I have several time series of two variables over the course of one year (approx. 2.5k observations). I hypothesize one variable (x) acts as a potential predictor for the other variable (y). I looked for the period in which y is best described by x ("best" as in strongest Pearson), took the observations from just that optimal period, calculated the simple linear regression model and its parameters and predicted y upon all x. Hence, I have two y's over the same time series of one year - the observed and predicted, the latter being the result of the regression model calculated from the optimal period.
Now, I detected autocorrelation and heteroskedasticity in the data from the optimal period. For one example time series, see below the regression diagnostic plots and statistical test results inside them.

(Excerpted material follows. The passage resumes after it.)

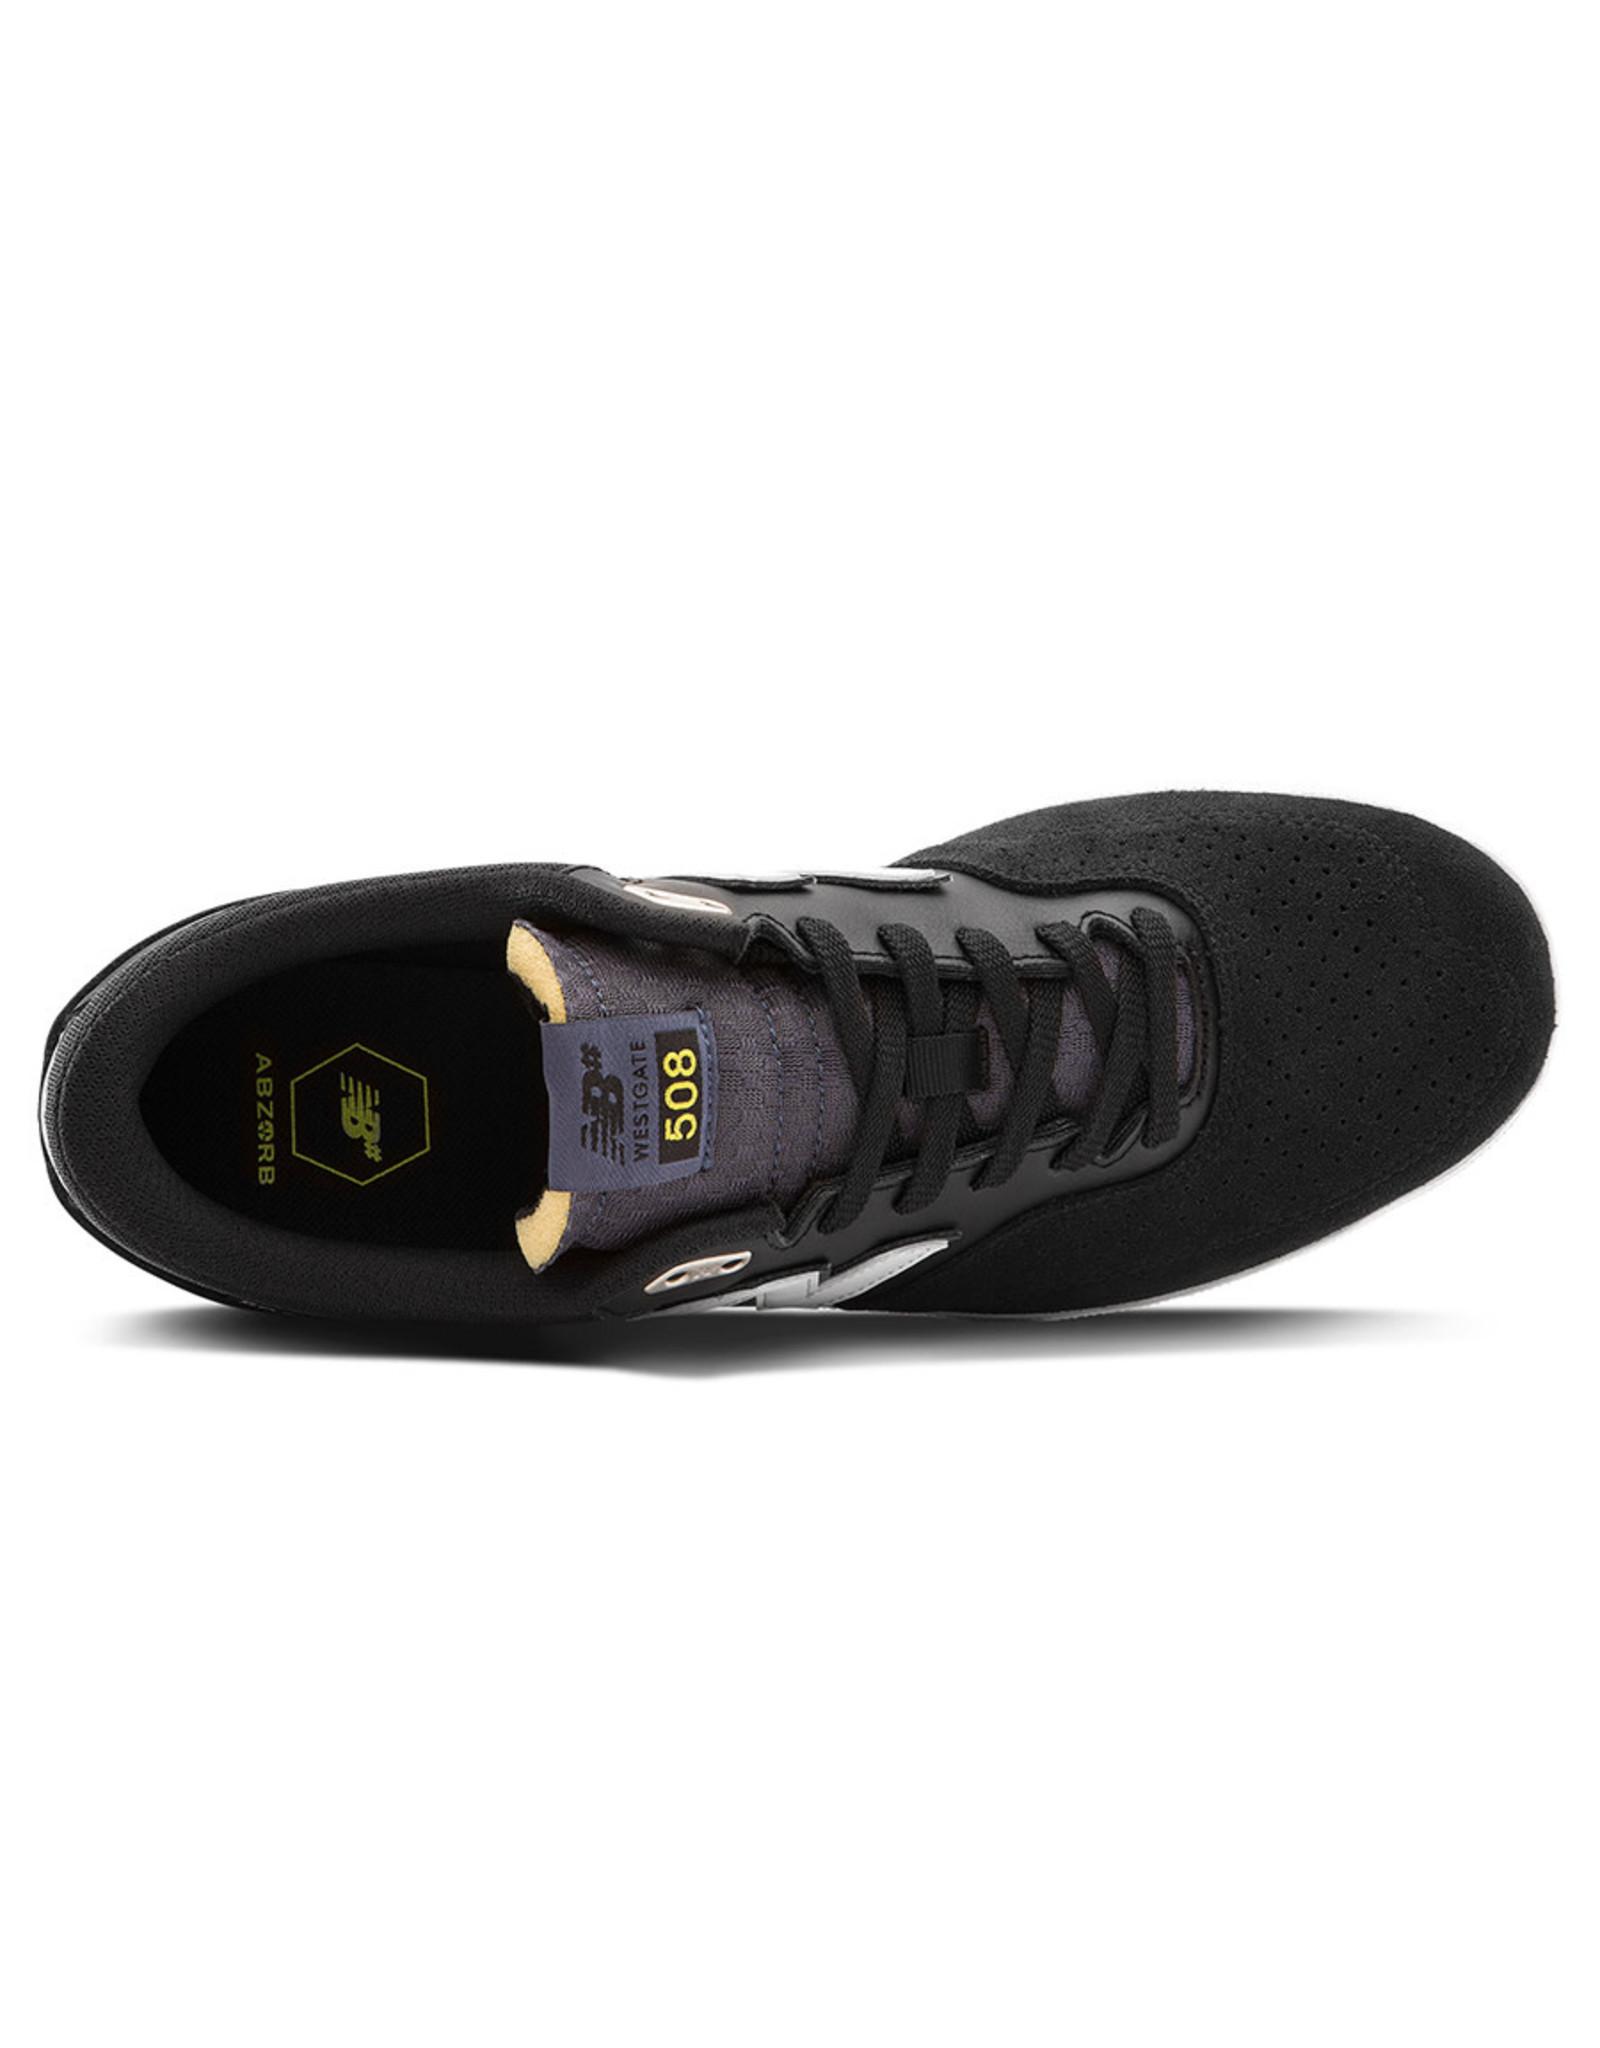 New Balance Numeric New Balance Numeric Shoe 508 Brandon Westgate (Black/Navy)

Top left plot: raw data in a scatterplot; top right plot: residuals vs indepedent varible (DW = Durbin Watson test and BG = Breusch-Godfrey test for autocorrelation); middle left: residuals vs fitted plot (BP = Breusch-Pagan test for heteroskedasticity); middle right: normal Q-Q plot (W = Shapiro-Wilk test and A = Anderson-Darling test for normality in residuals); bottom left: scale-location plot, bottom right: residuals vs leverage plot to detect outliers.

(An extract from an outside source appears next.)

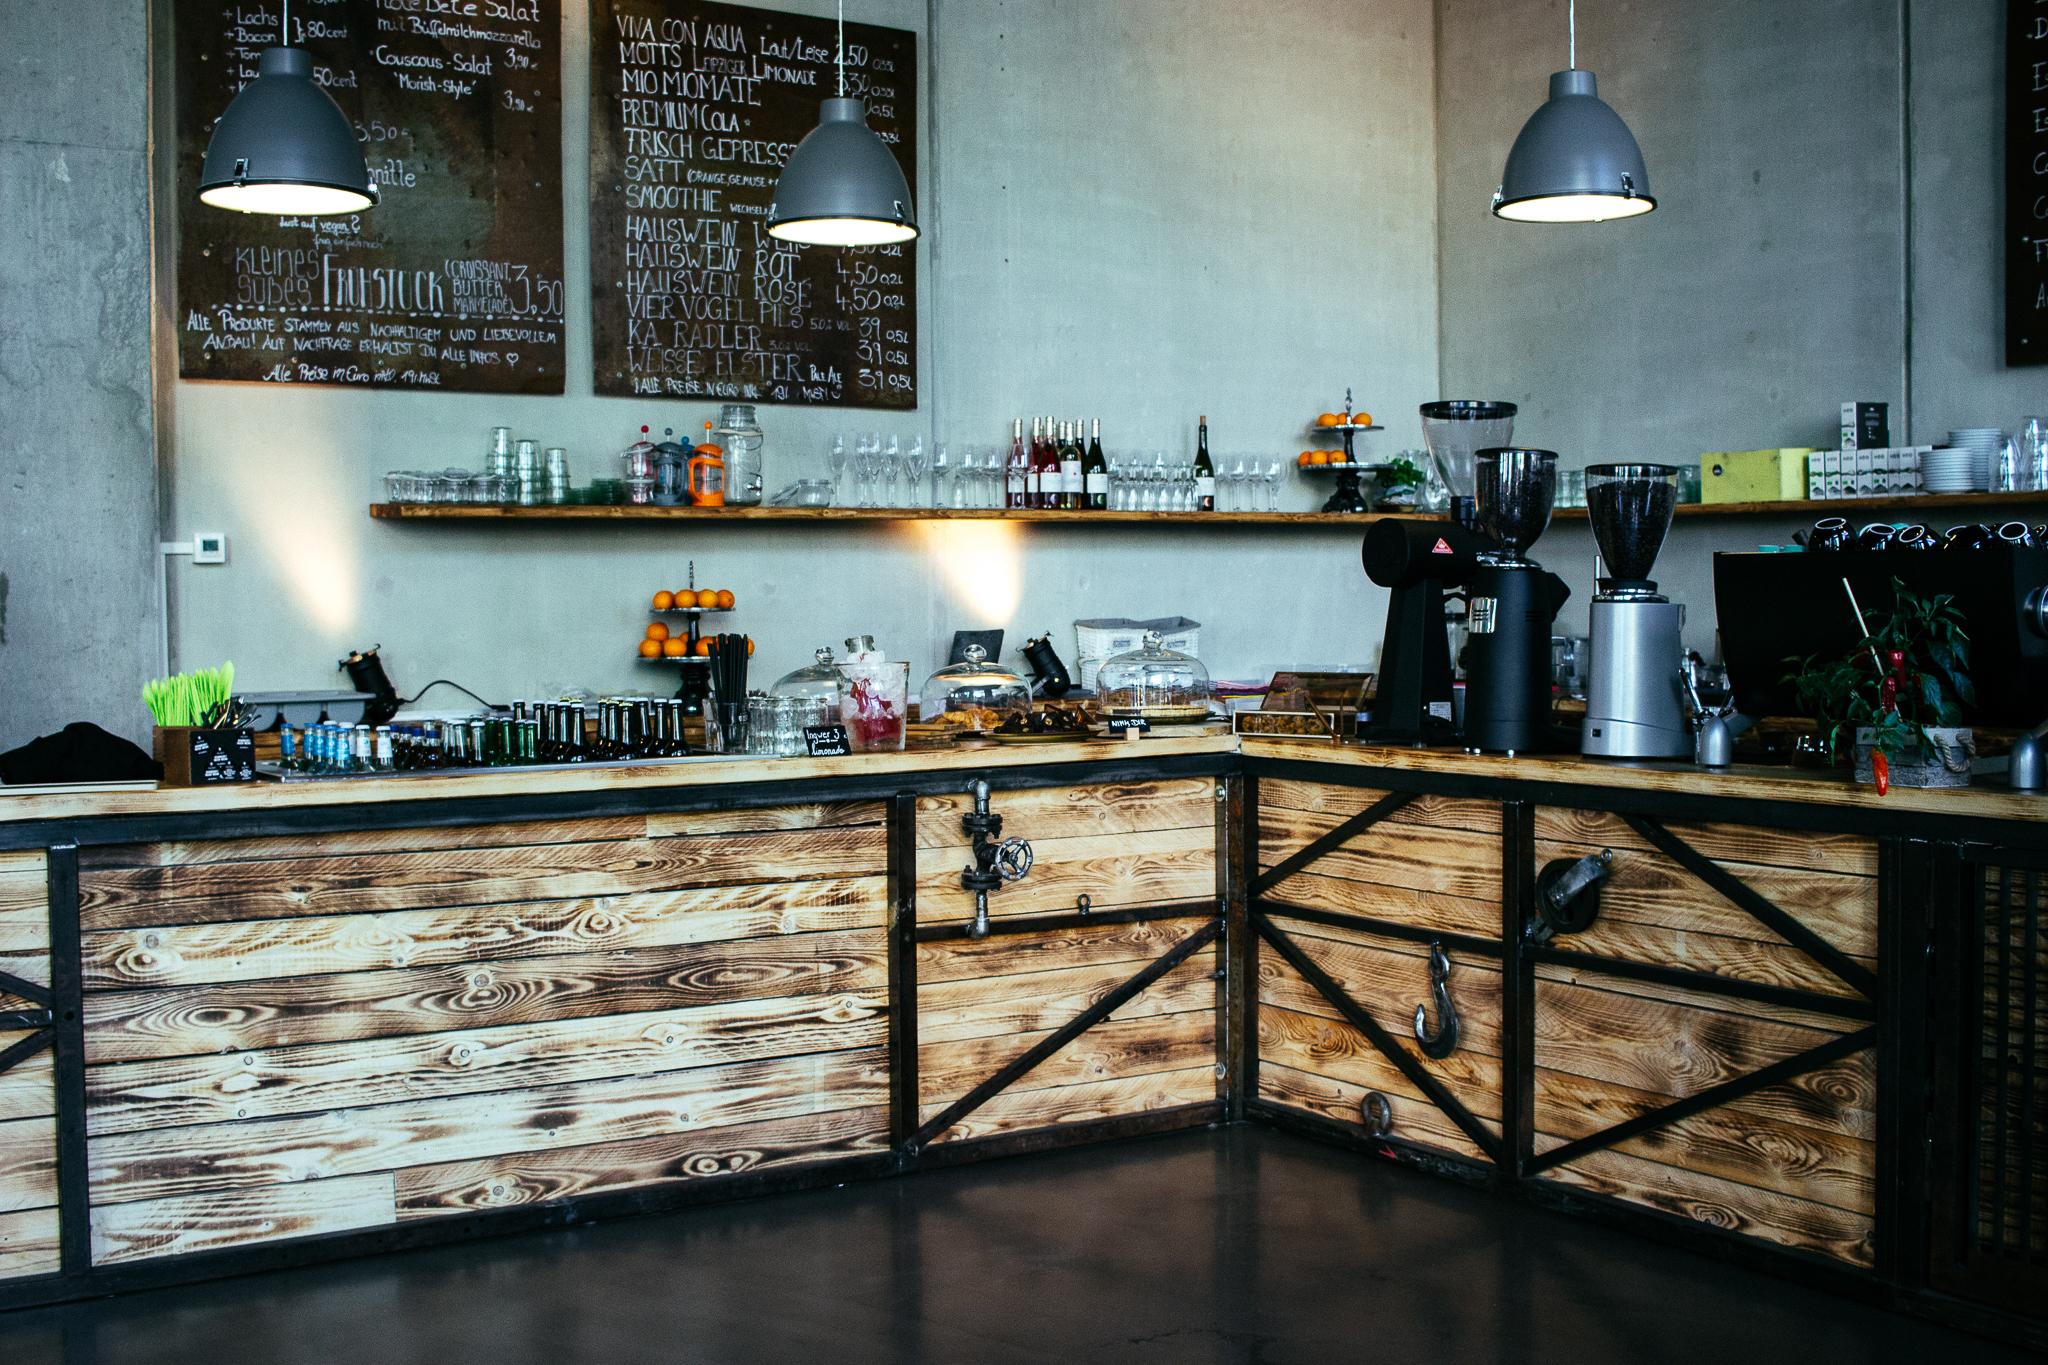 _MG_4523franz morish_kaffeehaus

From the tests and visual inspection I can infer that there is autocorrelation and heteroskedasticity present in my data. I am somewhat stuck on how to proceed from here on. Especially, I would be glad about help on the following:
- Autocorrelation is common in time series data, which does not mean that I do not have to correct for it, I guess?

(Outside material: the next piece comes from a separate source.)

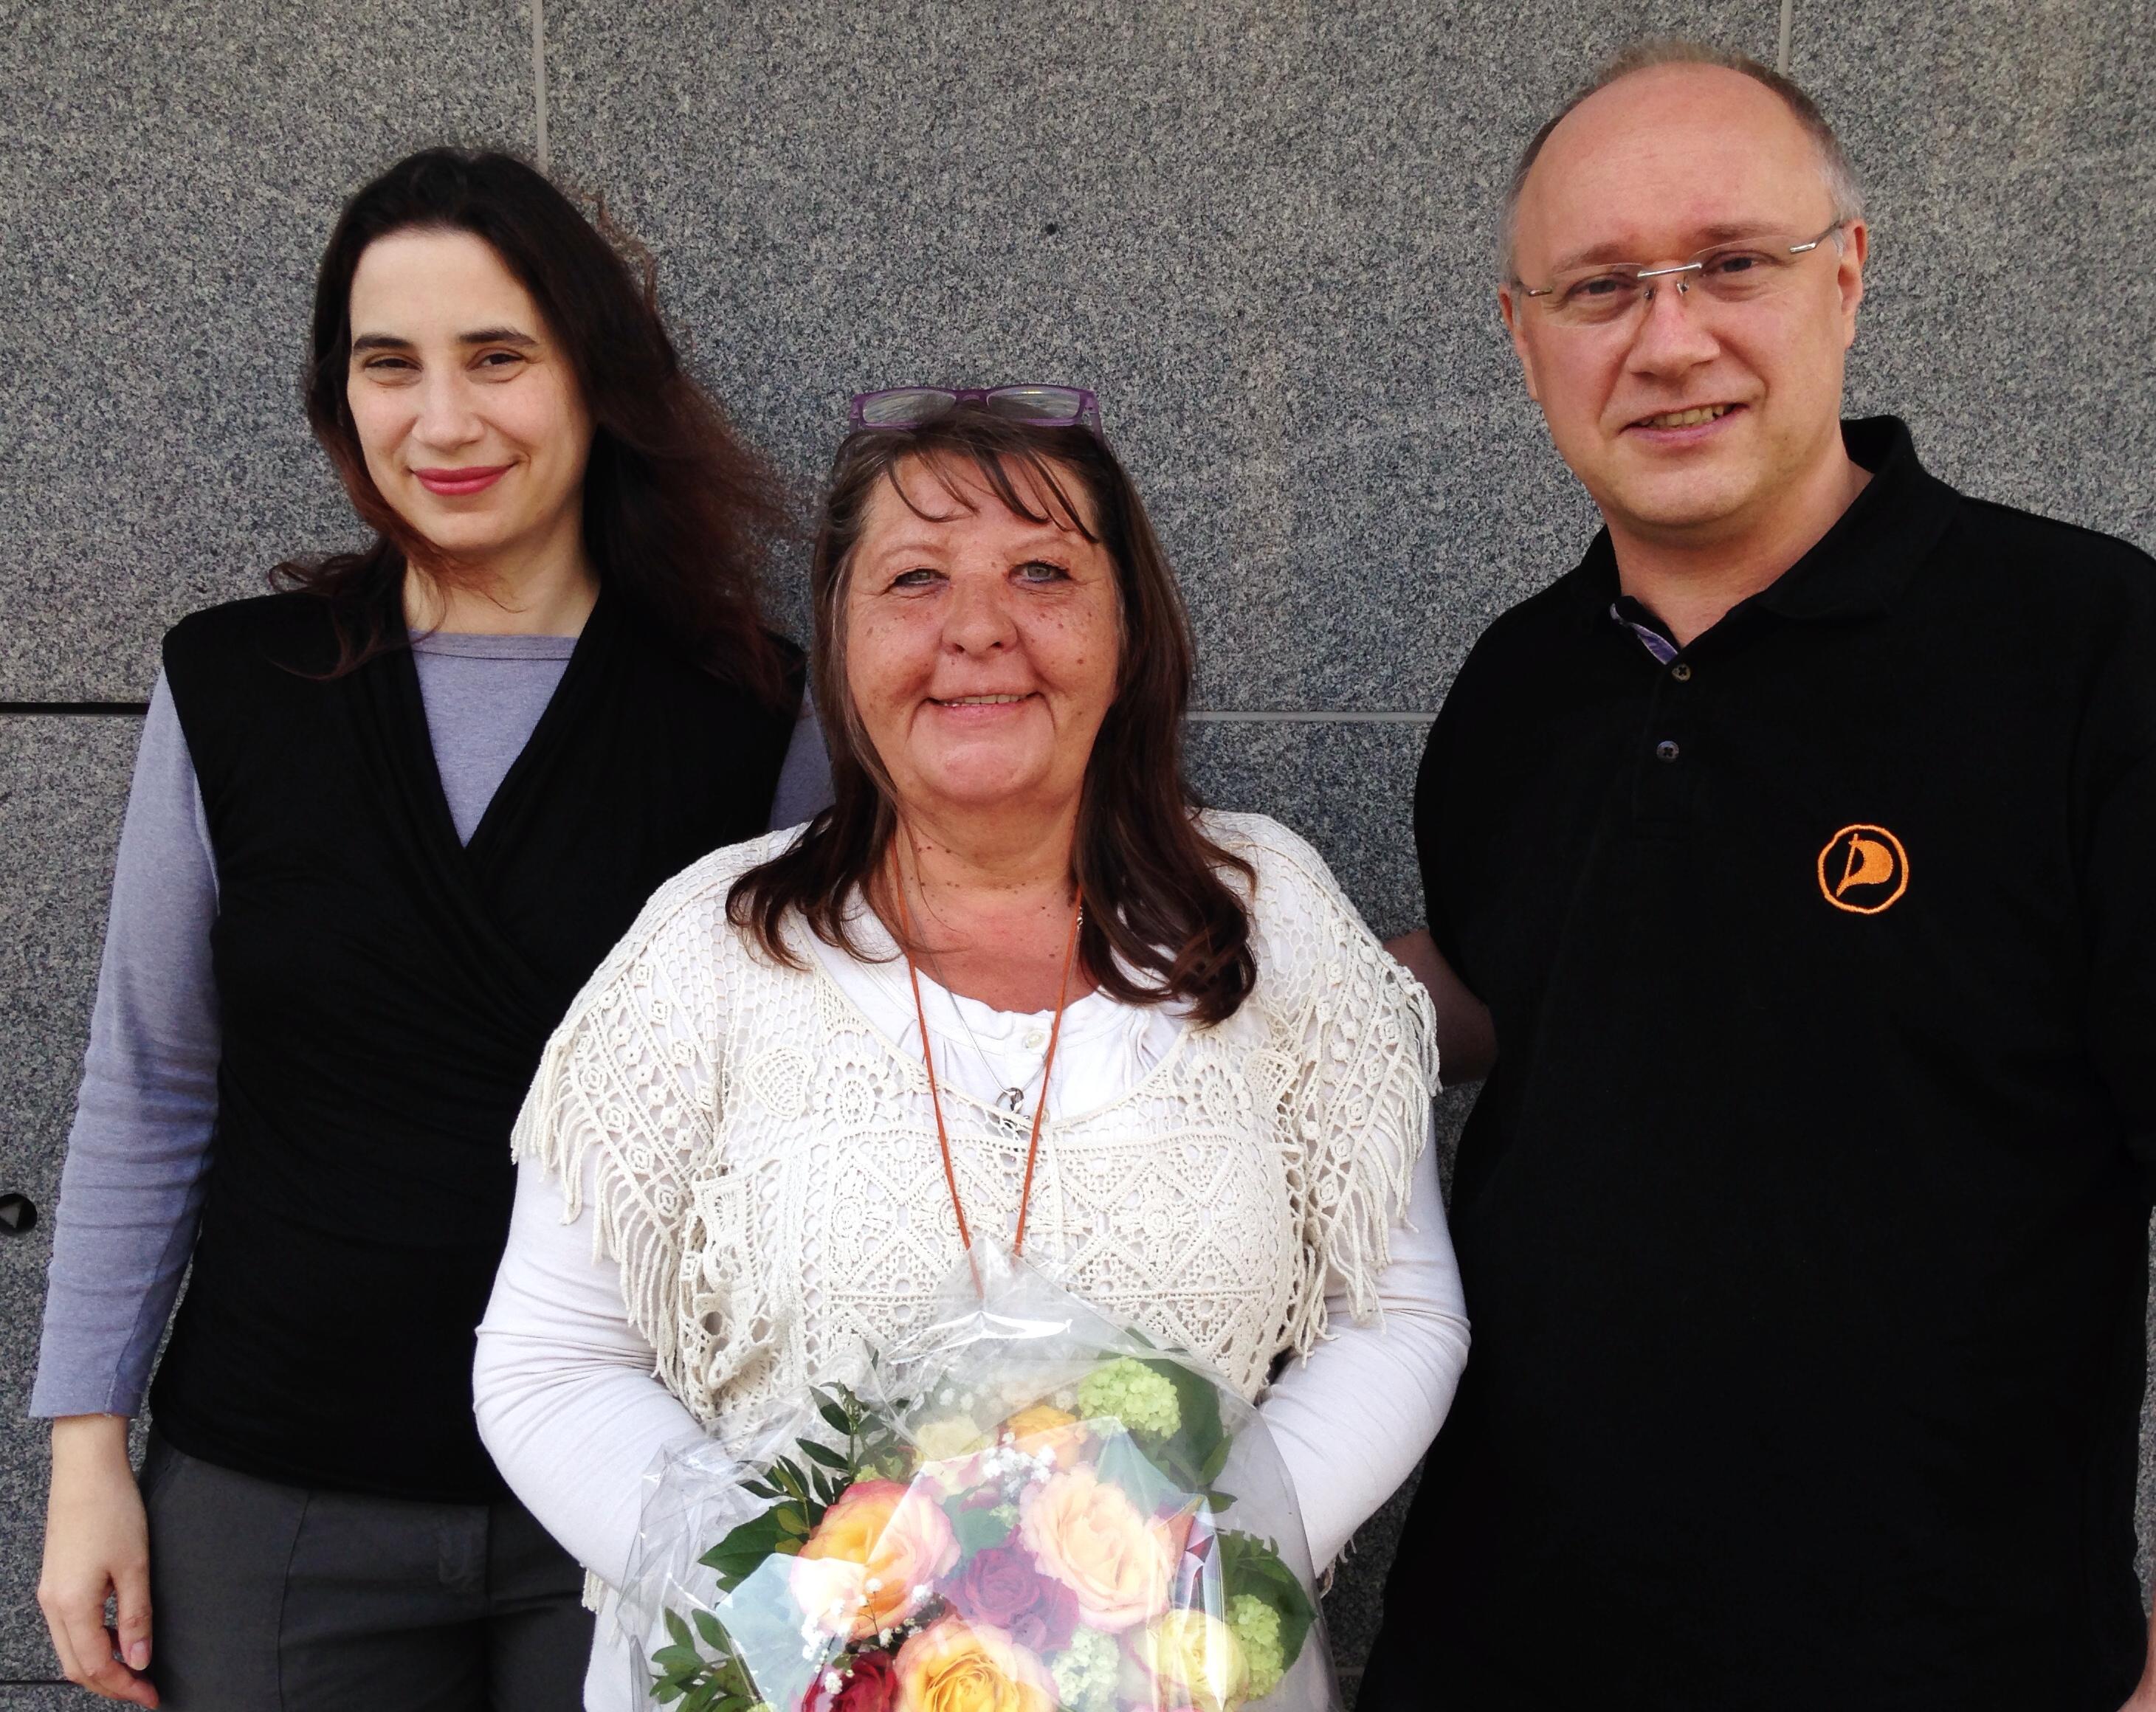 Vorstand der Krefelder Piraten gratuliert Sandra Leurs zur Oberbürgermeisterkandidatur.

- Normality in residuals is not THAT important, especially for larger sample sizes. Sample sizes for my optimal periods have 240 observations as a minimum. Enough to put this issue off?
- For pure prediction purposes, which is what I am interested in mainly, I heard that regression disgnostics and their treatment do not offer much improvement for the predicted values, but are important for t- and F-statistics. Should I even worry about rectifying any issues revealed by the diagnostics if it is the forecasted y I am after?
- Box-Cox transformation could help rectifying heteroskedasticity and the Cochrane–Orcutt, Hildreth-Lu, or First Differences Procedures can tackle autocorrelation, at least in theory. How can I know which problem to address first? Does remedying heteroskedasticity improve or worsen the autocorrelation situation, and vice versa? Is there a procedure that can alleviate both problems in one go (i.e. Newey-West estimator)?
The scatterplot indicates that the relationship is not very well described by a linear regression model and may potentially better fit a gls model in the first place. However, I would like to consistently apply a linear model to all my time series, even though they might not very well explain the distribution of the data. That in itself, would be an interesting outcome.
I am using the R environment for my analyses.